▶ _TASK TO CARRY OUT_
Write out each line of the material exactly as given, and drop the images.

▶ _INFORMATION SHOWN_
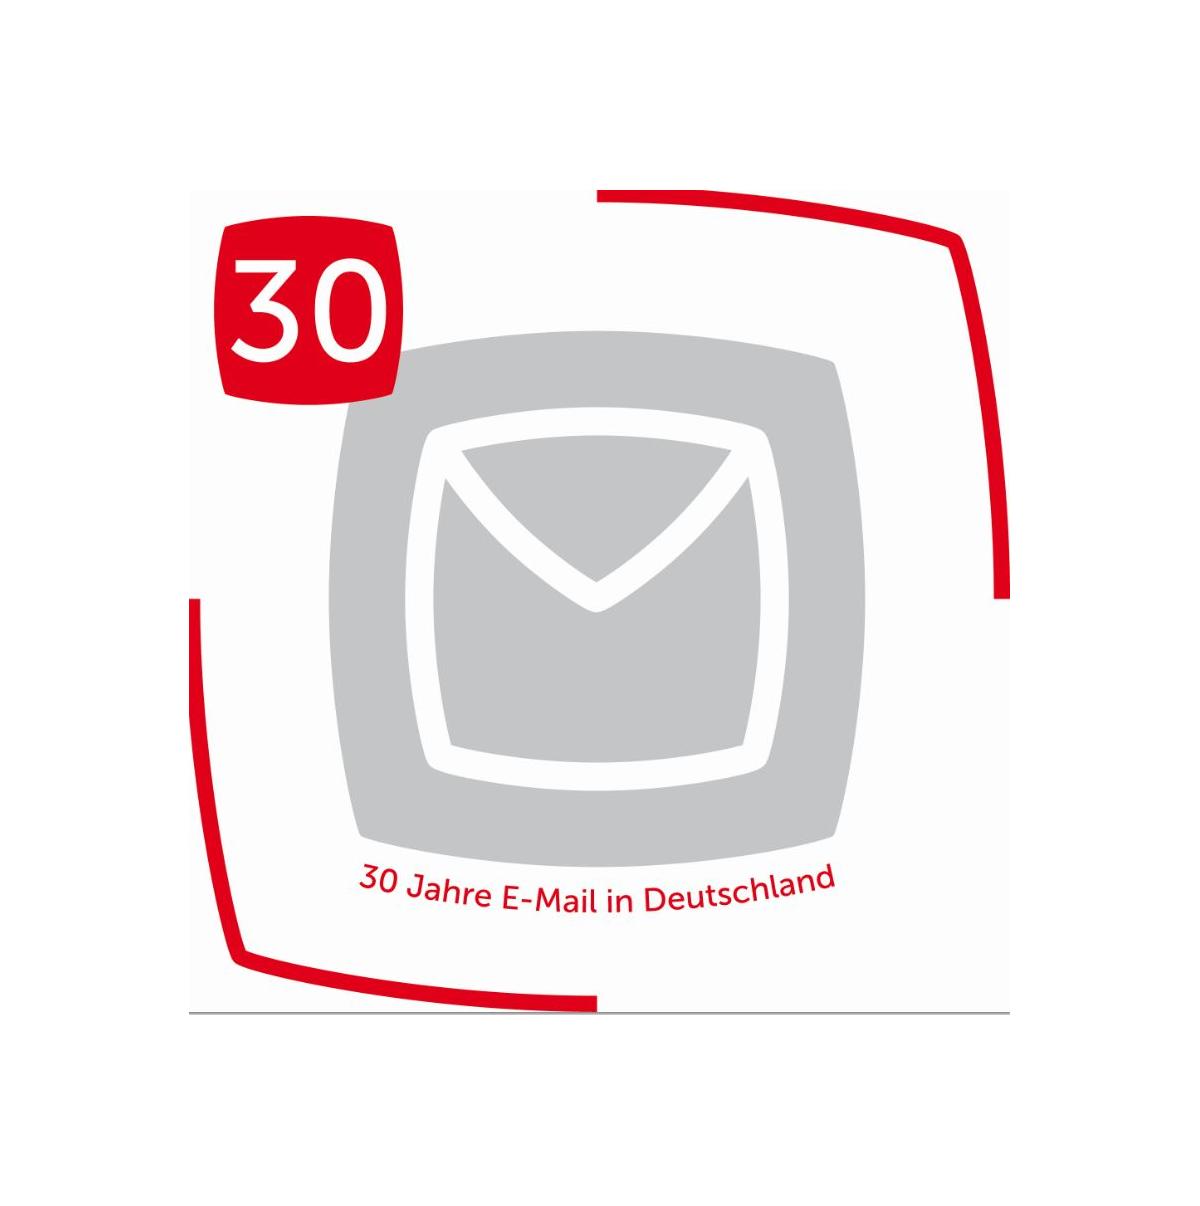 Online dating Erste Mail betreff
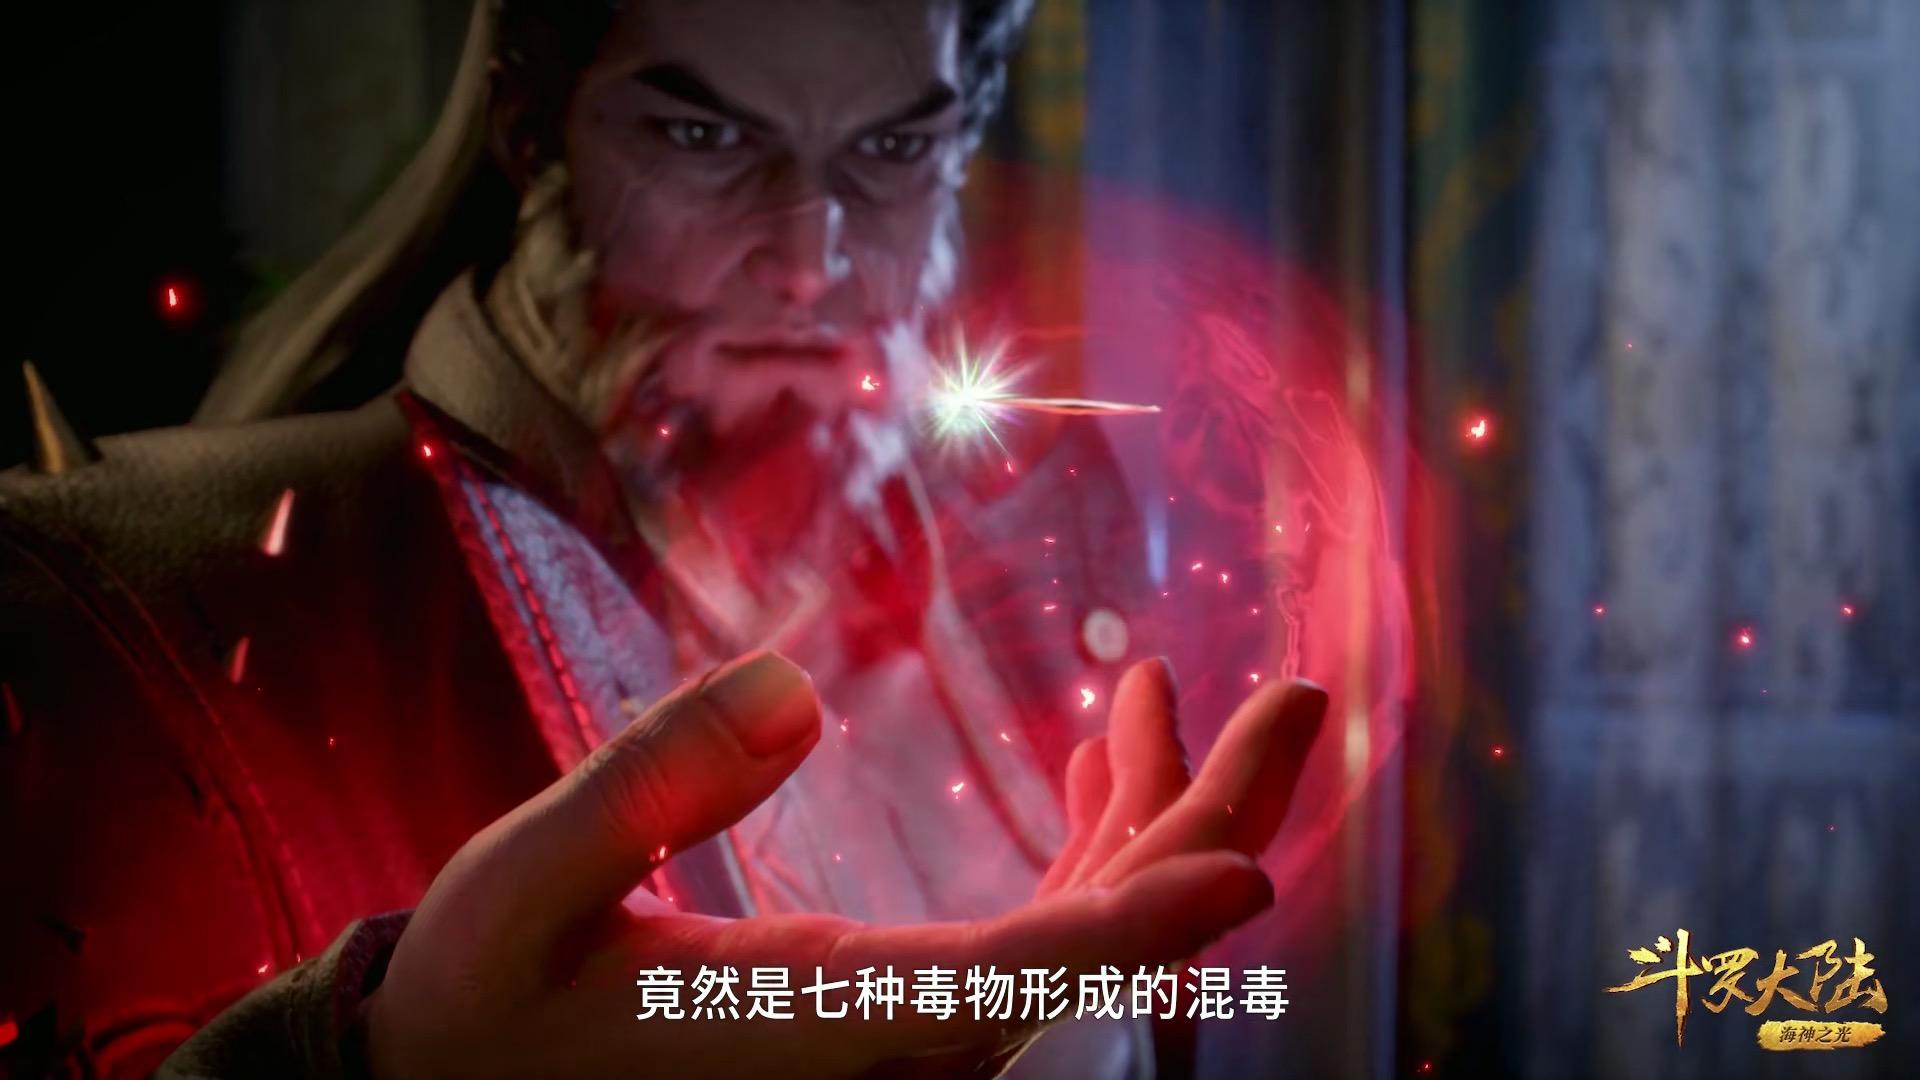 斗罗年夜陆:唐三带队困绕,剑、骨斗罗加入战争,千仞雪方案已掉败
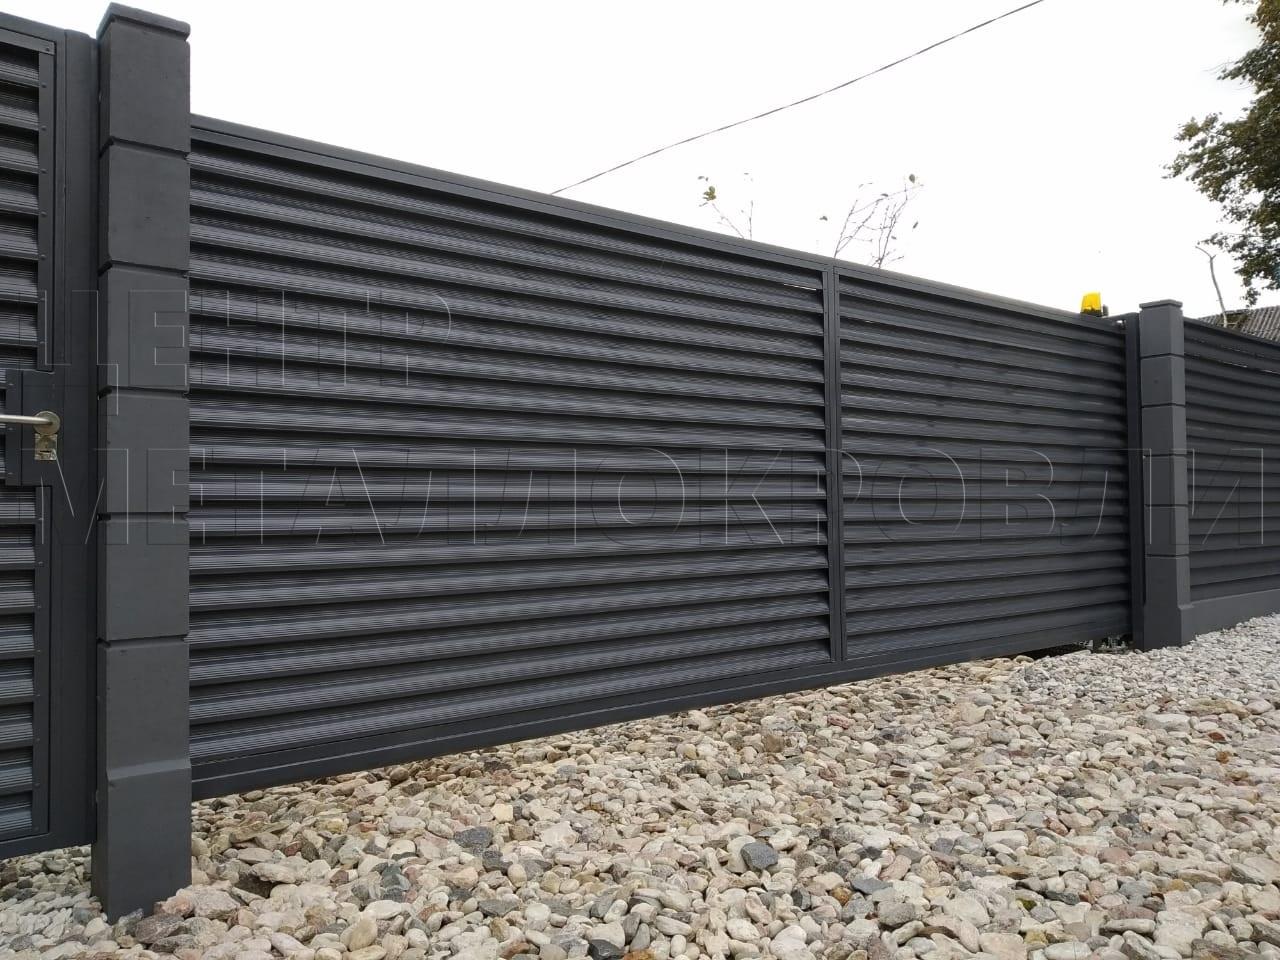 Забор-жалюзи из ламелей Еврожалюзи в цвете Серый графит

▶ _EXERCISE RESPONSE_
 Online dating Erste Mail betreff
 斗罗年夜陆:唐三带队困绕,剑、骨斗罗加入战争,千仞雪方案已掉败
 Забор-жалюзи из ламелей Еврожалюзи в цвете Серый графит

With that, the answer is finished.